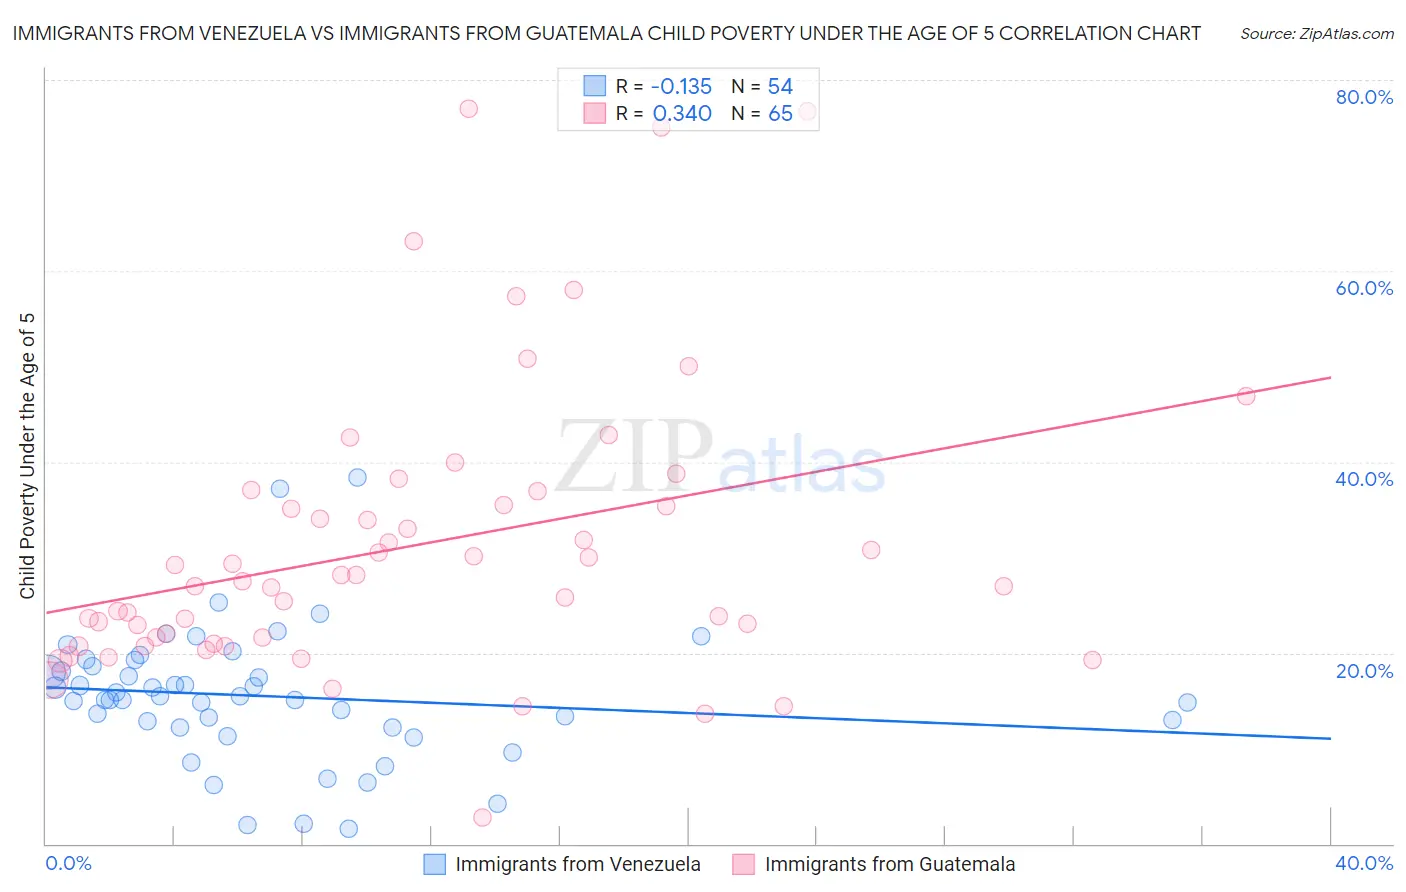 Immigrants from Venezuela vs Immigrants from Guatemala Child Poverty Under the Age of 5
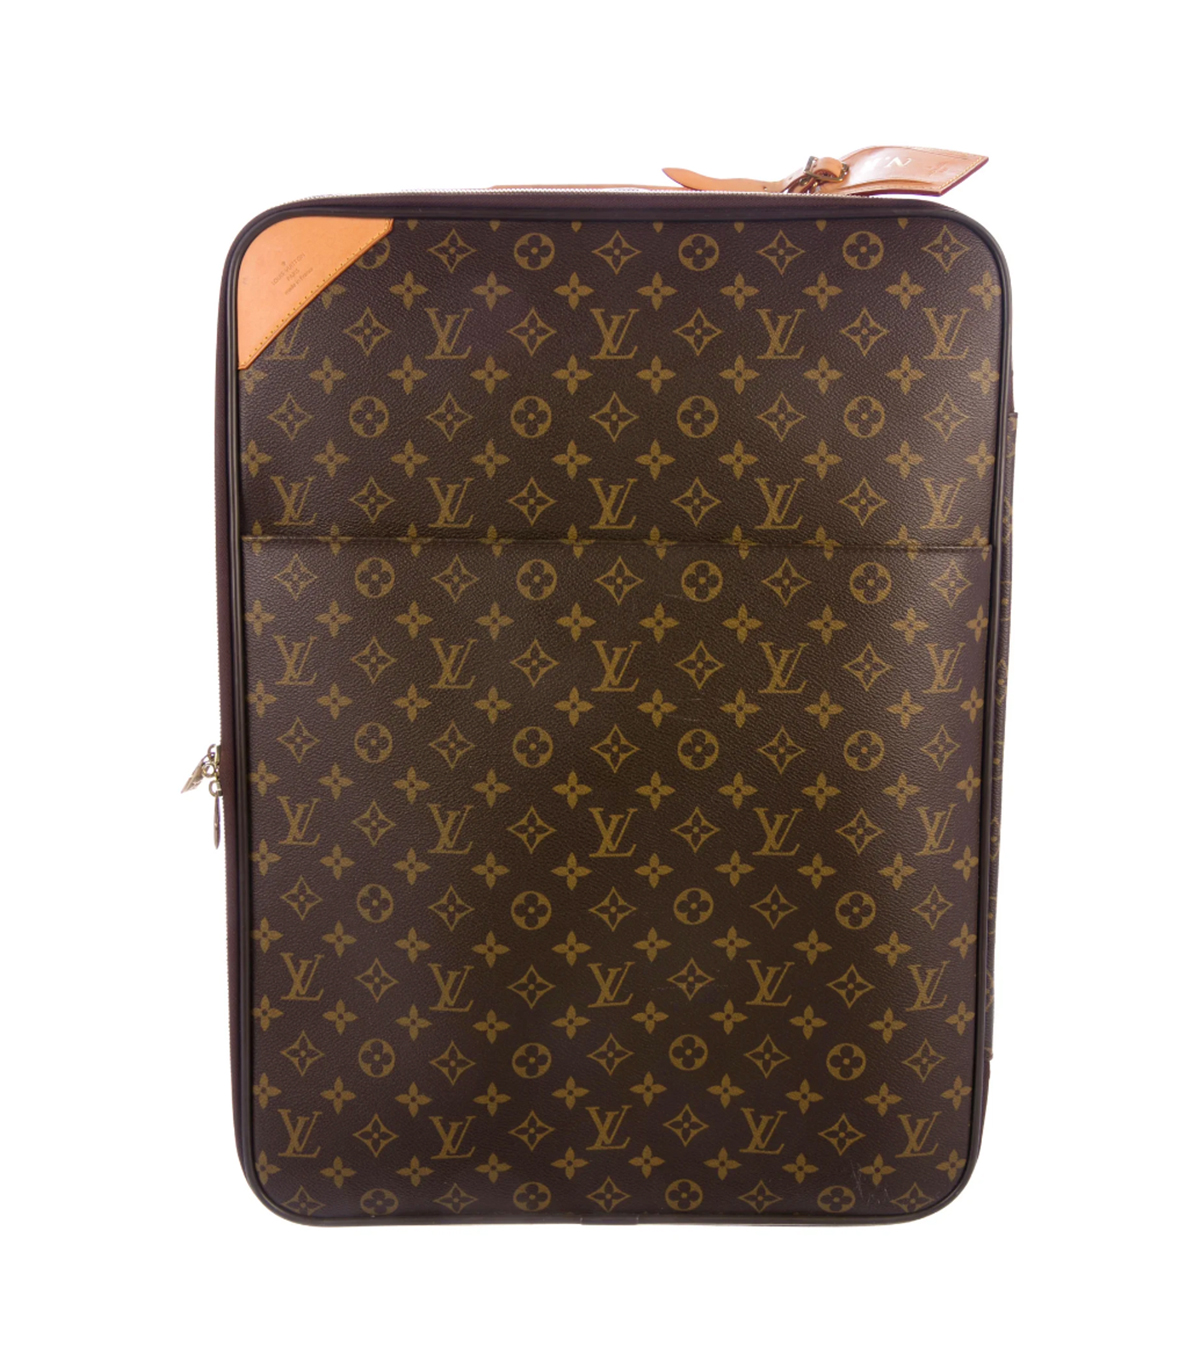 Vej Modtager Centrum How to Shop Affordable Louis Vuitton Luggage | Who What Wear
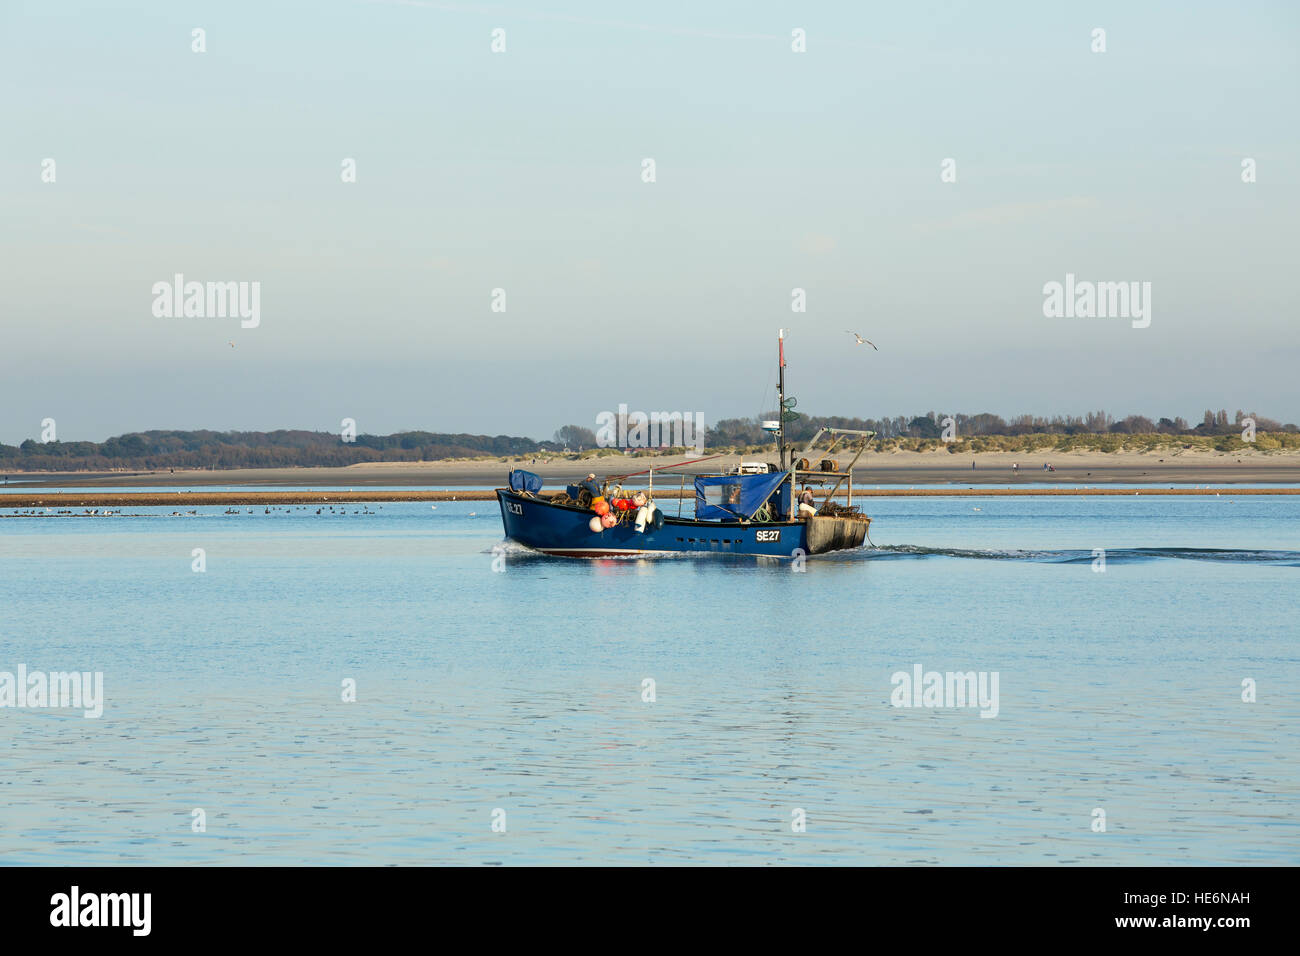 Small Wooden Fishing Boat With Fishing Net In Calm Water Stock Photo,  Picture and Royalty Free Image. Image 92232323.
==*==
Output the material above verbatim but exclude each picture.

 Immigrants from Venezuela vs Immigrants from Guatemala Child Poverty Under the Age of 5
 Vej Modtager Centrum How to Shop Affordable Louis Vuitton Luggage | Who What Wear
 Small Wooden Fishing Boat With Fishing Net In Calm Water Stock Photo,  Picture and Royalty Free Image. Image 92232323.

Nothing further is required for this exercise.